Когда я стала немного взрослее, начала посещать уроки музыки. Дедушка отвел меня к частному преподавателю – мисс Вудс. Она обучала меня игре на фортепиано, а также основам вокала. И она же первая сказала, что у меня «абсолютный слух и потенциально большое будущее» – если я, конечно, буду упорно к этому самому будущему стремиться и много работать над собой. Мисс Вудс была строгой, но справедливой учительницей. Она давала все, что только могла дать, однако прекрасно понимала, что мне недостаточно посещать только лишь частные уроки. По ее словам, мне нужно было учиться в музыкальной школе при одной из столичных консерваторий или же вовсе заниматься в специализированной музыкальной школе.





«Тогда у тебя будут все шансы поступить в Хердманскую национальную музыкальную школу или королевский колледж искусств», - говорила она мне своим высоким пронзительным голосом. – А может быть даже в школу музыки Фэрланд!»

Эти три высших музыкальных учебных заведения считались лучшими и перспективными в стране, и, кроме того, пользовались славой и уважением во всем мире, выпустив из своих стен множество ставших известными студентов. Тысячи и тысячи молодых одаренных музыкантов каждый год приезжали покорять их, однако поступить удавалось далеко не всем – не более чем десяти процентам. Брали либо самых талантливых, либо обеспеченных, способных платить довольно внушительную сумму за каждый семестр.

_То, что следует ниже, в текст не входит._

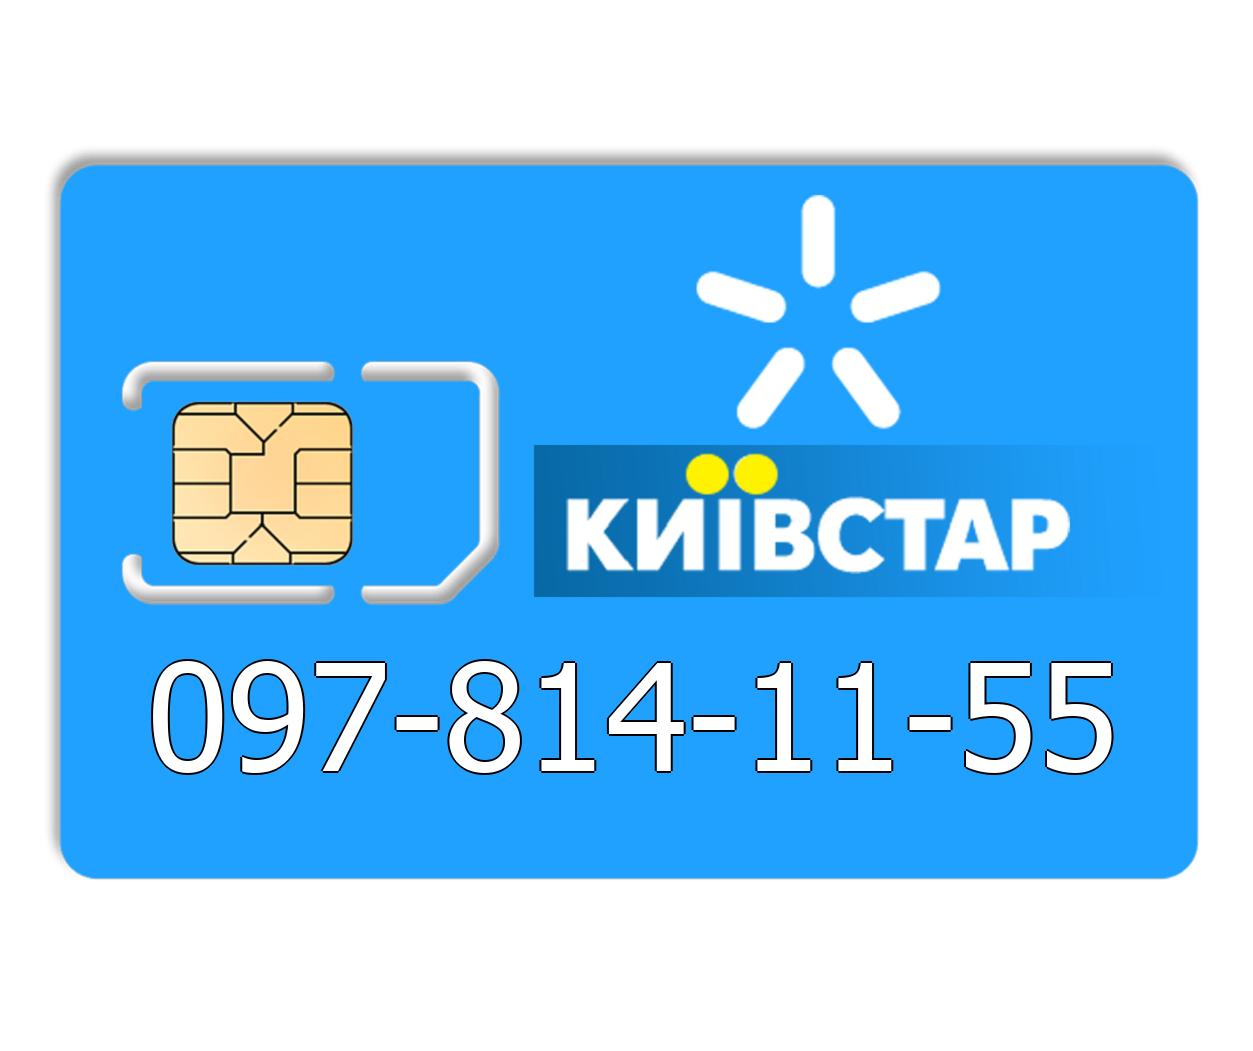 Красивый номер Киевстар 097-814-11-55

Для поступления еще лет в двенадцать я самонадеянно выбрала школу музыки Фэрланд. Во-первых, там училась та самая Элинор Фелпс – на исполнительском факультете, во-вторых, это учебное заведение было ориентировано не только на классику, но и на популярные музыкальные направления, а в-третьих, оно находилось в наикрутейшем Кёрби-центре[4]. Когда я впервые побывала там, то сразу влюбилась в его изящную летящую архитектуру и особую атмосферу искусства. Казалось, сам воздух был пропитан музыкой, и мне оставалось только вдыхать его.

В двенадцать лет я поставила перед собой цель и твердо решила к ней идти. Я была уверена, что буду учиться в невероятном Кёрби-центре. Я верила, что смогу стать частью этого волшебного места. И моя музыка, мой голос смогут доноситься до чужих сердец со сцены Уайтхаус-холла[5].

Возможно, это было самонадеянно, но разве могут мечты быть иными? Мои мечты были огромными, как небо, и яркими, как солнце.

Однако следовать советам мисс Вудс не вышло. Я довольствовалась лишь ее уроками, выступлениями в местном юношеском оркестре и теплыми словами экзаменаторов, когда приезжала сдавать экзамены на тот или иной уровень. Дело было в том, что я жила не в столице и не в мегаполисе, а в отдаленном районе у самого побережья, в небольшом городке с населением семьдесят тысяч человек. Учеба в Нью-Корвене была для меня недосягаемой высотой – моя семья была не слишком богата, чтобы отправить меня учиться в столицу или же вовсе переехать туда. Я прекрасно понимала это и считала, что частных уроков с мисс Вудс и собственного упорства мне хватит, чтобы воплотить свою мечту в реальность. В детстве и в подростковом возрасте я была слишком наивной и думала, что весь мир полон любви, добра и справедливости. То, что я легко сдавала экзамены, порою перепрыгивая уровни, вселяло в меня надежду на то, что я так же просто смогу поступить в школу Фэрланд.